My paranoia was evidence-based. Every example was a technique I’d used either while in the God’s Patriots or in the years before I’d gone legit. In an interconnected world, I was an anomaly in my desire to be disconnected.

Sawyer, on the other hand, let it all hang out. He believed privacy was no longer a guarantee and that to cut off interest, the best thing was to construct people’s understanding of who you were. He had multiple personas online, each more elaborate and creative than the last.

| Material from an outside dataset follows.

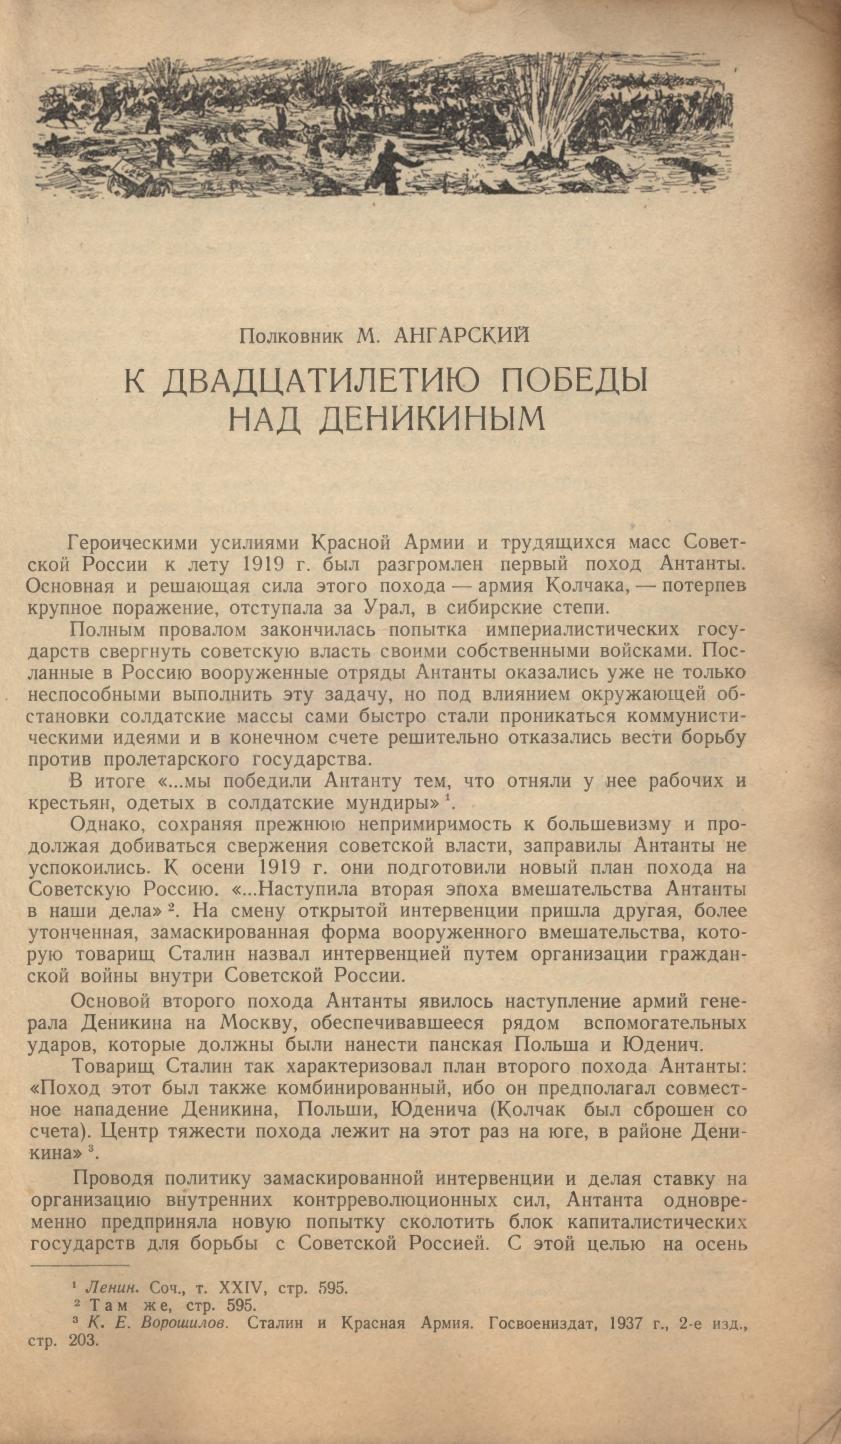 http://i6.imageban.ru/out/2014/01/15/35fa0d15226c01b0b686f3842aa6319a.jpg

A brief google search would turn up every personality from a transgender burlesque dancer to a conservative church-going anti-gay minister. And he used each to extract the information he needed. As abhorrent as we both found some of the personas, they worked because they were cultivated to be believable.

His real persona sat under layers of lies. It was brilliant in its simplicity and execution. The only problem was the amount of effort taken to construct and maintain the rouse. But for that, Sawyer and I had written code designed to mimic and interact in such a way to appear human. It worked 86.3% of the time.

Nothing was perfect.

So, seeing Sawyer sitting at Luc’s kitchen bench, typing away, muttering to himself as he troubleshot, made me uneasy.

“Could you do that elsewhere?”

“Settle, petal. I’m routing this through eight countries, and I built the bloody thing without microphone, speakers, or camera. We’re safe.”

I sipped my tea, still uneasy.

“Here.” He spun the laptop around, showing a birds-eye view of a bunch of buildings. I squinted for a moment, trying to work out what he was showing.

“Shit,” I whispered as I stepped closer. “It’s The Front.”

“The what?”

“The Front. It’s our… the commune.” My hands flew across the key pad, moving in, zooming around. The outer living quarters were the same, basic weatherboard white, tin-roofed shacks, hot in summer, freezing in winter. The church took centre stage, a large limestone airconditioned three-storey building with its own basement servers and computer labs. The deacons had a higher standard of living. The houses were large, each wife and child honoured with their own room. It was part of their psychological hierarchy, a way to make people strive to be better. It worked. I’d witnessed newcomers do whatever was asked of them in a bid to move up the ranks.

My family among them.

“Emmie?”

I lifted my eyes from the screen and looked at the three men watching me.

“How?”

“I have friends who owe me. Some of them still work in certain areas that are of use to me.”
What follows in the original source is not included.